_WORK REQUEST_
Print the listing exactly as it stands. Skip every picture.

_PROVIDED MATERIAL_
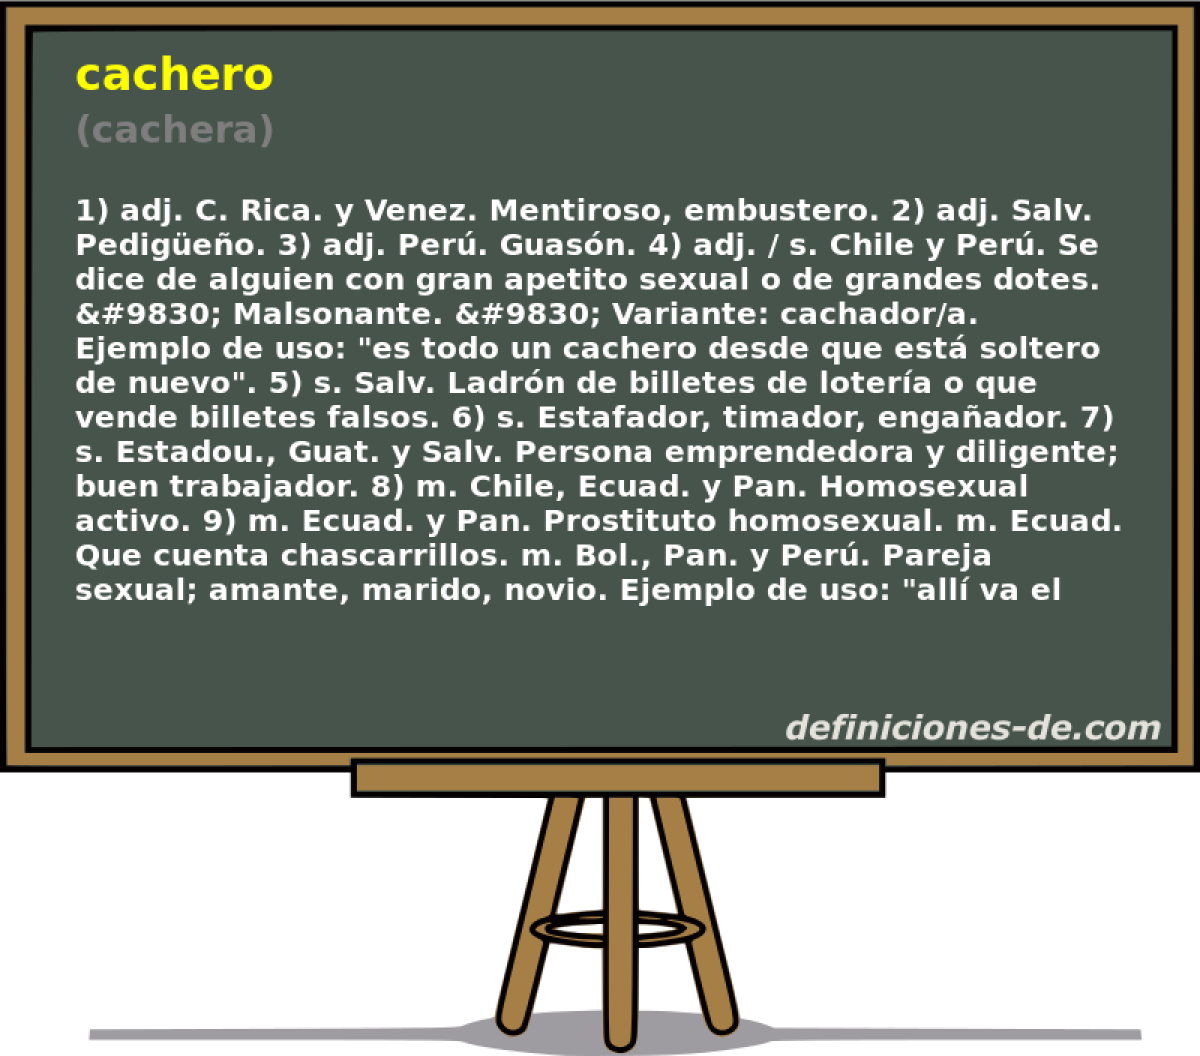 cachero (cachera)
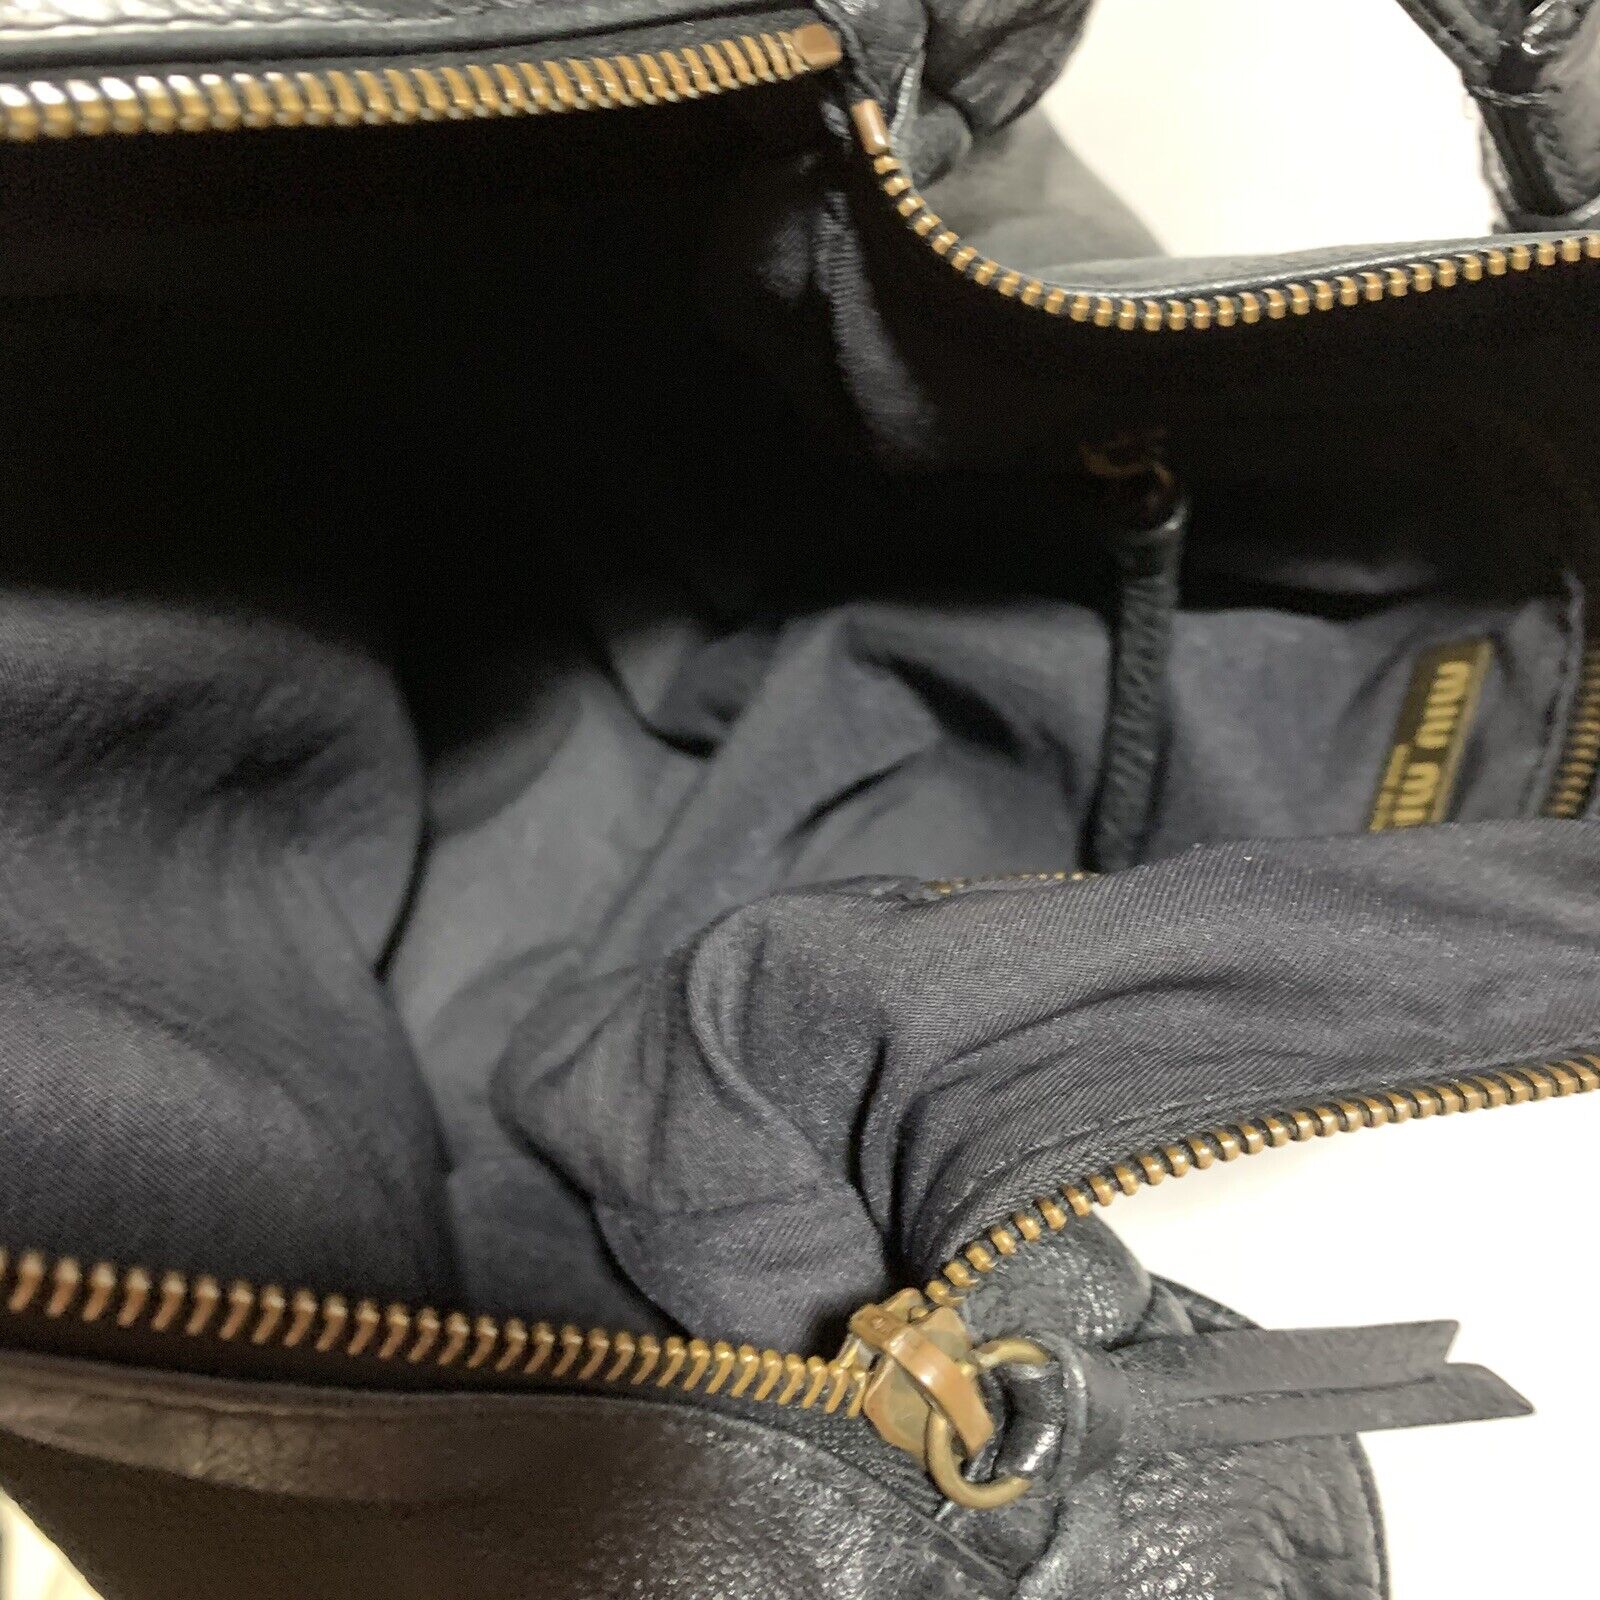 pre-loved auth MIU MIU by PRADA distressed leather ZIP TOP shoulder bag  BLACK
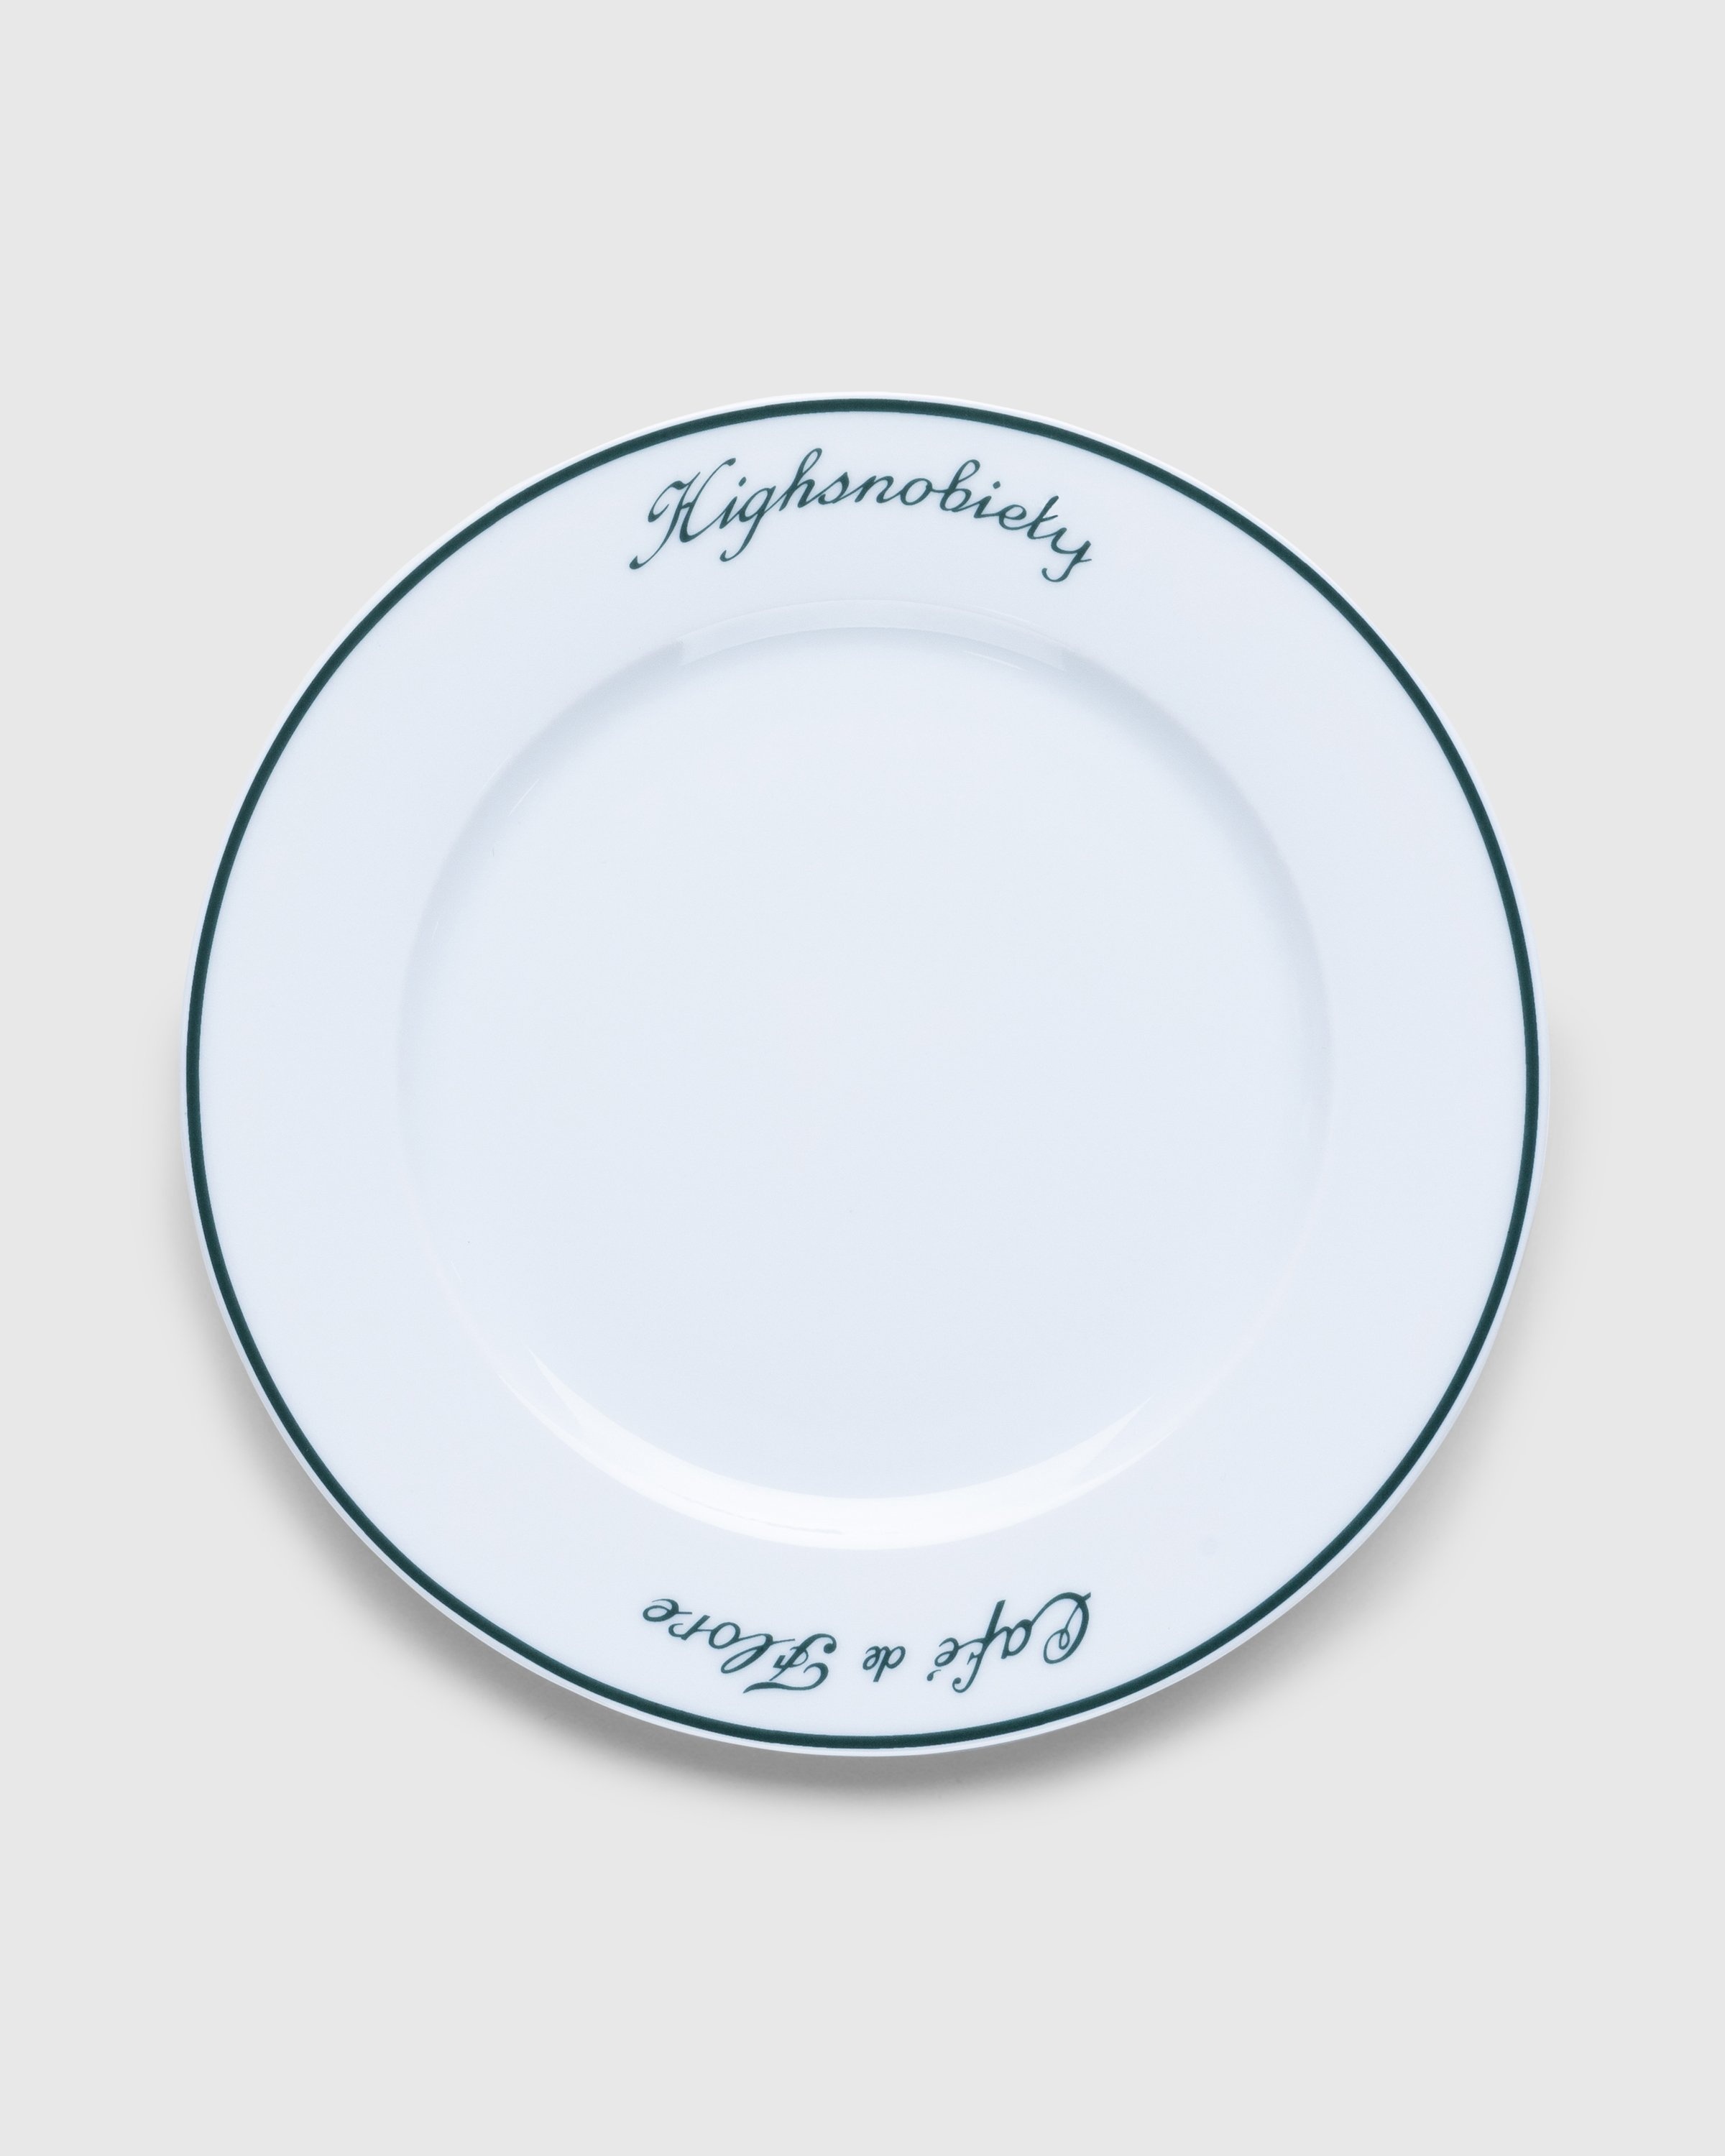 Café de Flore x Highsnobiety – Plate - Ceramics - White - Image 1

_EXERCISE OUTPUT_
 cachero (cachera)
 pre-loved auth MIU MIU by PRADA distressed leather ZIP TOP shoulder bag  BLACK
 Café de Flore x Highsnobiety – Plate - Ceramics - White - Image 1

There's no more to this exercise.